It is crucial for individuals to work with their health care professional to match their needs with the characteristics of the ADHD medication. The process of choosing a medication should involve recognizing the negative side effects of a medication so that the risks and benefits can be adequately weighed in the decision. It is often useful to construct a daily timeline of the needs (both attentional and behavioral) of the adult.
For example, an adult who has severe ADHD symptoms that threaten his/her job may also have difficulty controlling his/her hypertension. In this case, choosing a treatment for ADHD that has a significant effect during the most crucial hours of the work day but does not destabilize the tentatively controlled hypertension will require knowledge of the medications’ actions over time as well as their cardiovascular side effects.

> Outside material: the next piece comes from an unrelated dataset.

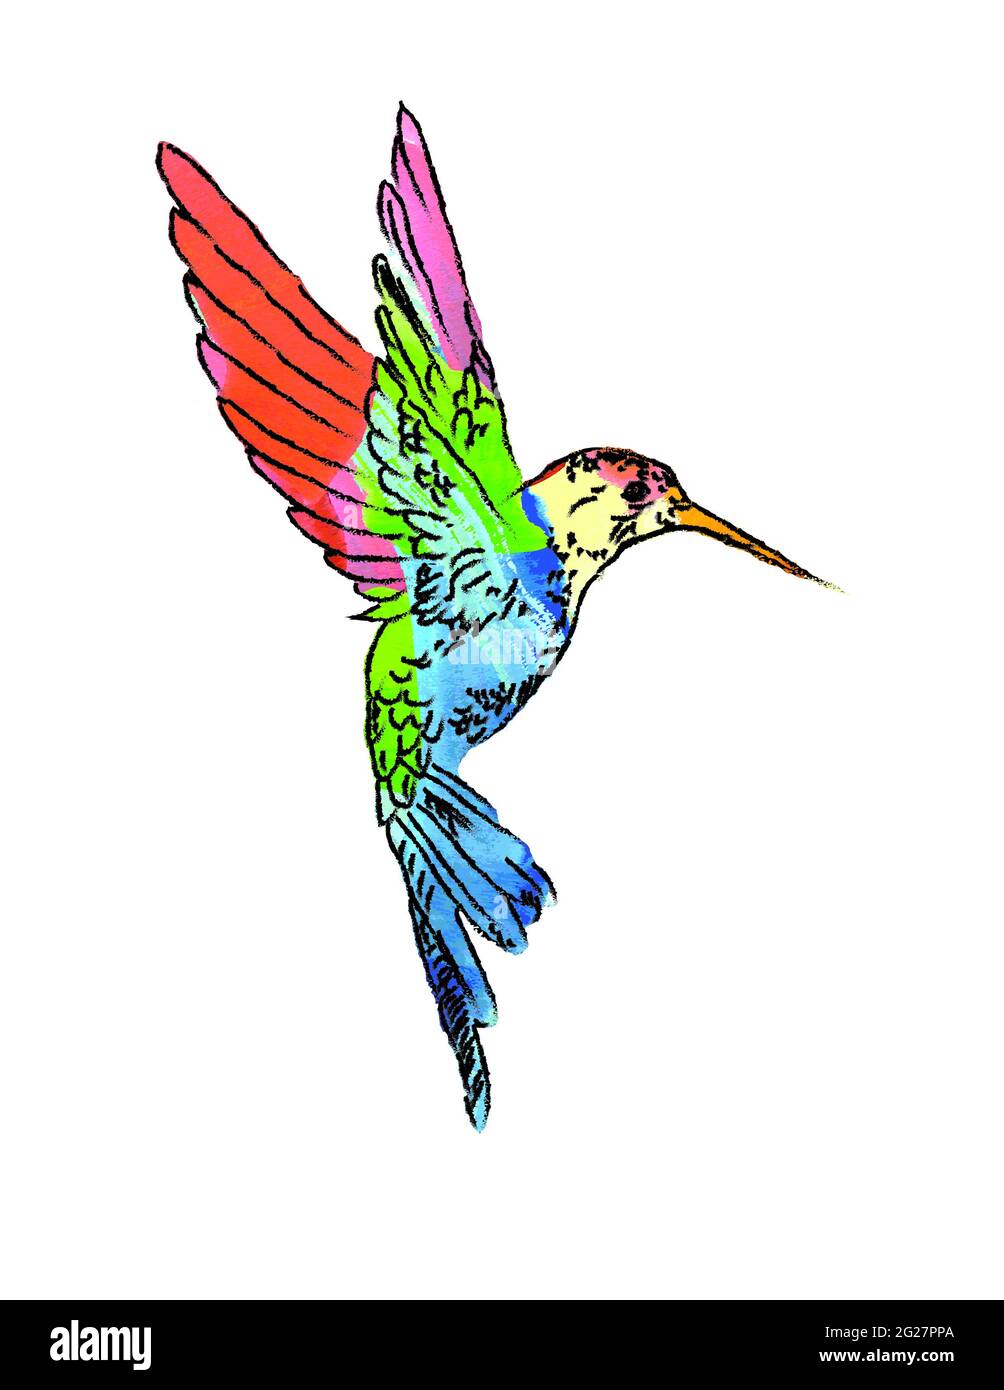 Les colibris sont des oiseaux indigènes des Amériques et constituent la famille biologique des Trochilidae. L'art Hummingbird Banque D'Images

Monitoring the effectiveness of medication over time is important and may require substantial effort. However, fine tuning of the timing and dosing of the medication can often improve the time-related clinical response. Sometimes the prescribing professional alone may fulfill these functions; sometimes an experienced therapist who is familiar with the adult can provide additional input to help maximize the effectiveness of the medicine. Clinical adjustment may include adding other medications or adding or changing the psychosocial interventions, such as behavioral, cognitive or supportive psychotherapy, coaching, and tutoring.
While improvement of the core symptoms of ADHD is important and crucial, it is often not the only goal of treatment. Rather, improved functioning in the real world (being self-sufficient, having a better quality of life and being able to cope with the demands of daily life) may be the most important outcome for an adult with ADHD. Controlled medication studies in adults with ADHD have begun to track and measure these functional improvements including psychosocial and quality of life functioning. Future controlled long-term medication studies in adults with ADHD are needed to accurately measure the effect of medication on functioning in the workplace, college and interpersonal relationships.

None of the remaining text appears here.